2. Les trois hypothèses dans la littérature

2.1 Hypothèse 1 : le burnout diminue l’empathie

Selon les propos du Dr Ramses Wassef, directeur du Bureau d’aide aux étudiants et internes de la faculté de médecine de l’Université de Montréal, rapportés par E. Garnier en 2010 (83) : « L’épuisement professionnel (…) entraine ‘‘l’usure de compassion.’’ Il est difficile de donner aux autres quand on a complètement épuisé nos réserves. »

51 Même si le terme d’« usure de compassion » employé ici a en fait été initialement choisi par C. Tilnius en 2009 afin de mettre en garde contre l’usage excessif d’empathie comme nous le verrons plus loin, plusieurs auteurs s’accordent bien à dire que le burnout réduirait l’empathie.

En effet, ces auteurs suggèrent que le burnout, en raison de sa tendance à la dépersonnalisation, diminuerait l’empathie. Car selon eux le burnout étant d’abord défini par une attitude de dépersonnalisation qui mènerait au cynisme vis à vis des patients, celui- ci conduirait probablement aussi à une perte significative de l’empathie clinique globale des soignants. Ainsi, des médecins exténués pourraient être moins compétents pour écouter leur patient de façon empathique et pourraient perdre leur capacité de se mettre à leur place (17).

Le burnout pourrait donc, comme l’analyse T. D. Shanafelt en 2005 (11) chez les internes, être aussi bien néfaste pour le médecin que pour le patient.

- En 2002 d’abord, T.D. Shanafelt (84) réalise une étude transversale utilisant le questionnaire MBI de façon anonyme ainsi que cinq questions d’auto-évaluation élaborées en vue de repérer une pratique de soins sous-optimale aux patients, chez 115 internes de spécialité de médecine interne à l’université de Washington. Il observe alors un risque accru de prise en charge des patients sous optimale en cas de burnout. - En 2005, il introduit son étude sur la qualité de vie et la pratique de l’empathie chez 165 internes de médecine interne de l’université de Rochester en indiquant que les données sont suffisantes pour établir que la détresse ressentie par les internes au cours de cette période critique et stressante de formation réduit leur empathie alors même qu’ils ont à développer leur identité professionnelle. - Enfin en 2007, il conclut au terme d’une revue de la littérature menée avec C.P. West (85) sur les facteurs personnels et environnementaux du professionnalisme au cours des études médicales à un déclin de l’humanisme et de l’empathie s’expliquant en partie par le stress professionnel intense ressenti. Puis en 2010 ensuite, et toujours aux Etats-Unis, C. Brazeau et son équipe (12) vont observer chez des étudiants de quatrième année de la New Jersey Medical School que plus haut est leur niveau de burnout au MBI (Maslach Burnout Inventory), plus faible est celui de leur pratique empathique sur l’échelle JSPE (Jefferson Scale of Physician Empathy) Ces

52 résultats en France ont été retrouvés de façon similaire chez les médecins généralistes en 2012.
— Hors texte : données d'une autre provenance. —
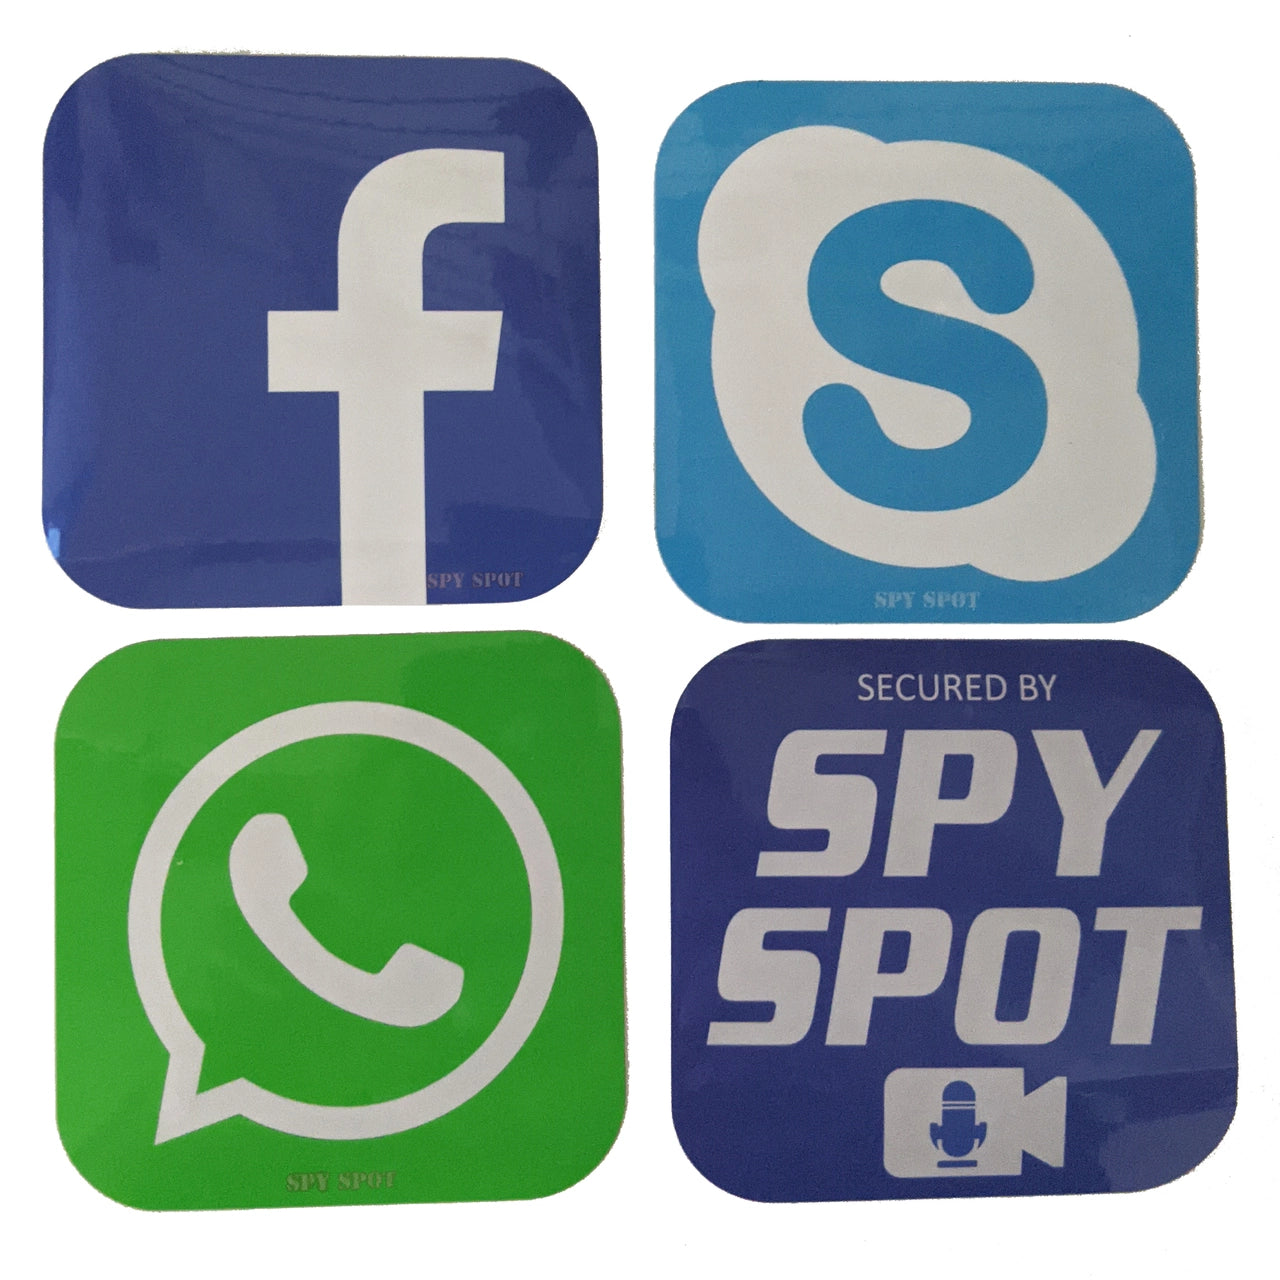 Spy Spot Set of 19 Social Media Video Travel Messaging Business Music Stickers Decals Water Resistant UV Resistant 3.35" x 3.35"

En 2011 et en France, D. Truchot (86) va observer chez 270 médecins généralistes que ceux ayant un niveau élevé de burnout au MBI ont tendance à se désengager par un retrait psychologique ou comportemental. Ce « retrait psychologique » désigne toute attitude de détachement vis à vis de son travail, tout sentiment aversif ou tout évitement de contact avec ses patients. Il pourrait s’agir en fait d’une stratégie de coping défensif par retrait, visant à protéger ses ressources internes et, selon les mots de P. Canoui et A. Moranges (66), « préserver son autonomie » et « maintenir un état d’équilibre psychologique ».

Pour finir, il faut rappeler que le travail de thèse d’A. Woerner (16) cite la récente revue de littérature de M. Neumann et son équipe en 2011 confirmant le déclin de l’empathie pendant l’internat tout en soulignant bien que la plupart des études citées retrouvent que le burnout diminue de façon significative le degré d’empathie. Les auteurs soulignent le peu d’approfondissement des causes de cette réduction. Cependant, en rapport avec ces interrogations fondamentales, les conclusions du Dr L. N. Dyrbye (87)sur une atteinte possible de la capacité d’altruisme chez les victimes d’un surmenage professionnel sont d’autant plus intéressantes qu’ils ont eux-même retrouvé (88) chez 1 098 étudiants en médecine aux USA que l’empathie serait plus élevée que dans la population générale et qu’il existerait un lien significatif entre burnout et déclin de l’empathie.